In complex crime storytelling: Last week, journalist Janet Malcolm, a longtime staff writer for the New Yorker known for her β€œpiercing judgements, her novel-like nonfiction and provocative moral certainty,” died at 86. Malcolm’s best-known and most influential work was β€œThe Journalist and the Murderer,” published as a two-part essay in the New Yorker in 1989 and as a book the following year. The piece centers on the relationship between author Joe McGinniss and Jeffrey MacDonald, a former doctor who was convicted of murdering his pregnant wife and two daughters in 1979. In it, Malcolm castigates McGinniss for β€œpretending to believe in Dr. MacDonald’s innocence long after he was convinced of his guilt” in order to gain access to his story, opening with the arresting thesis: β€œEvery journalist who is not too stupid or too full of himself to notice what is going on knows that what he does is morally indefensible.” Roundly criticized at the time of publication, the piece has since come to be regarded as a classic, her once controversial theory now β€œreceived wisdom.”

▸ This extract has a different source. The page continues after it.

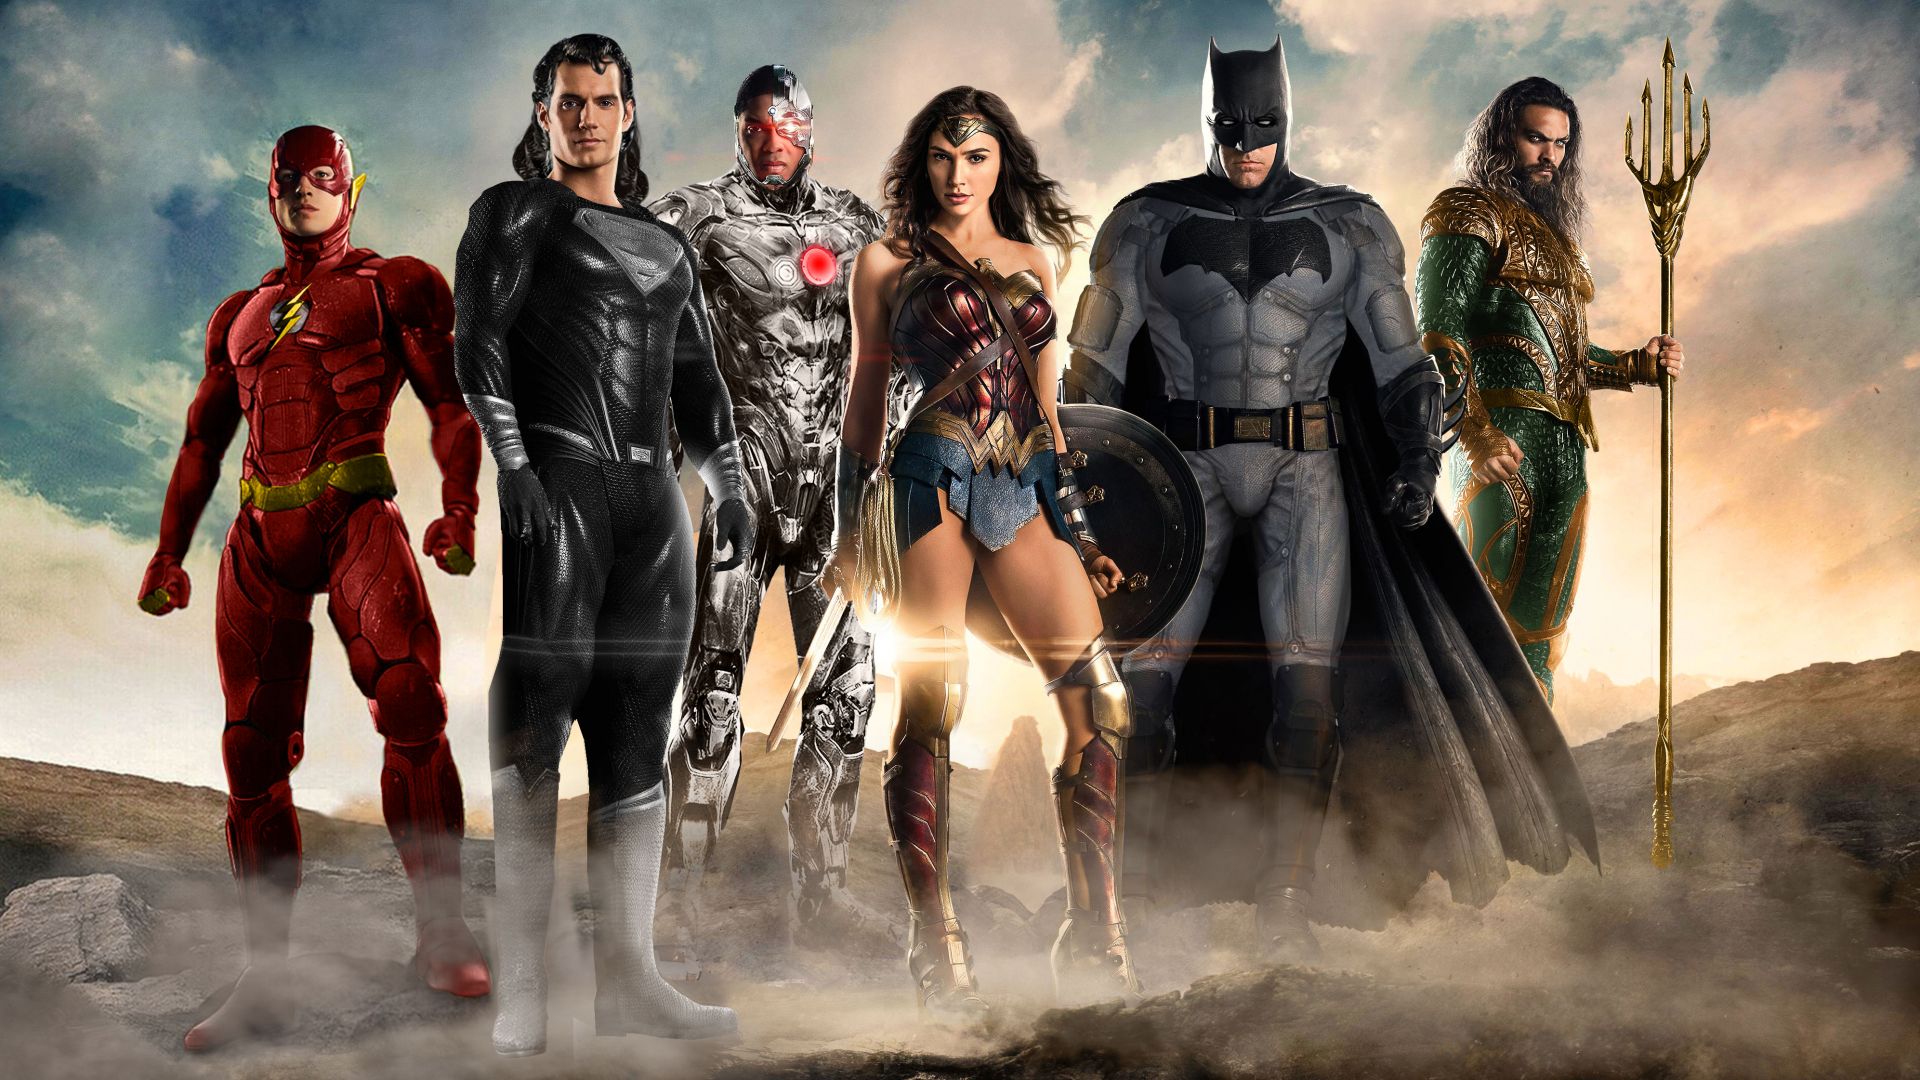 Лига справедливости, супермен, бэтмен, , Чудо женщина, супергерои, Justice League, superman, batman, Wonder woman, superhero (horizontal)
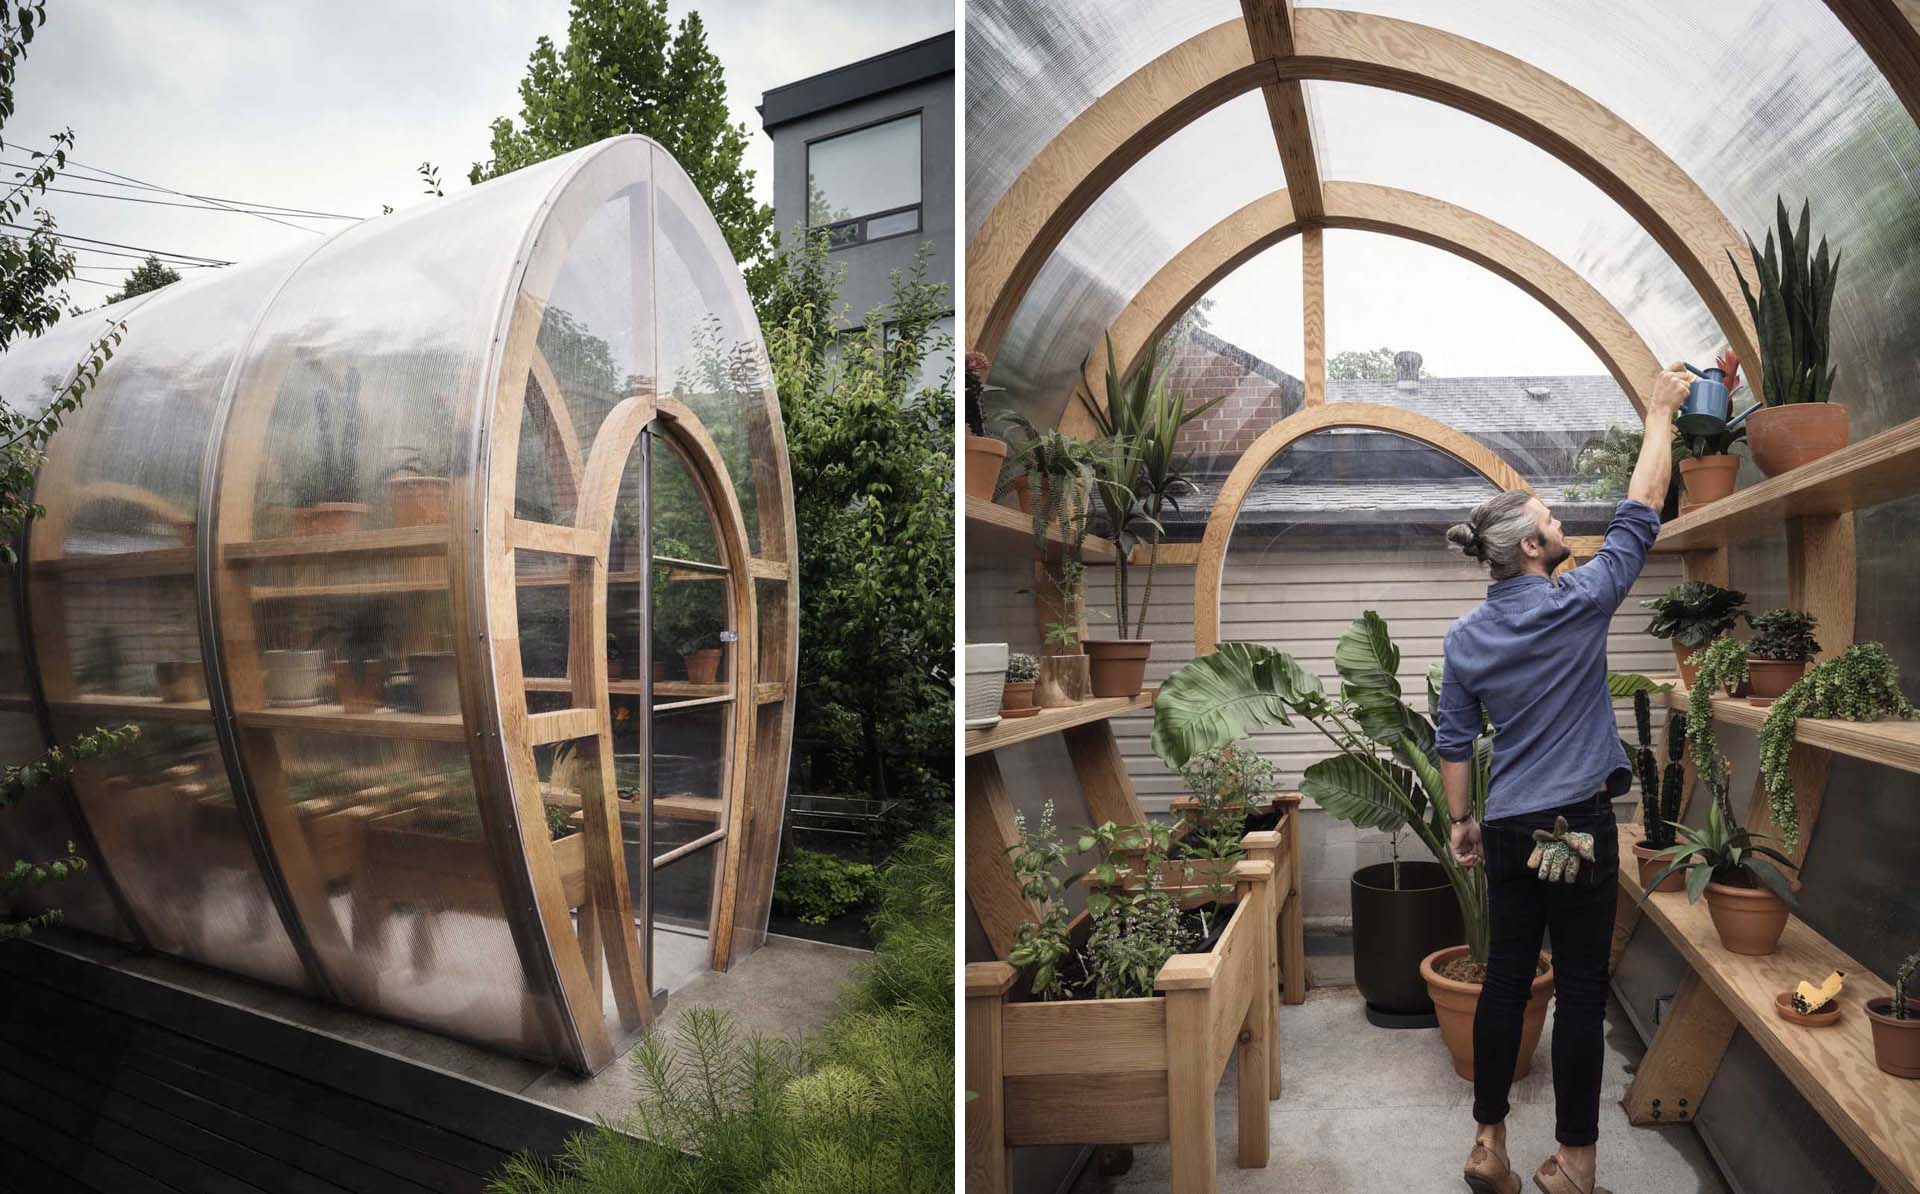 A backyard with a modern and modular greenhouse design.

In culture/true crime: A piece from NPR examines the role of TV dramas in informing – and misinforming – popular perceptions of the War on Drugs. A piece from the LA Review of Books tackles pop culture’s true-crime bubble and the β€œgenrefication” of tragedy; while i-D explores β€œthe strange allure of true crime makeup videos.” And, in a piece for the LA Times, crime reporter Nicole Santa Cruz recounts her experiences covering hundreds of homicides: β€œPerhaps the most startling lesson from this reporting was not seeing how people mourn the dead, but how they carry on with life.”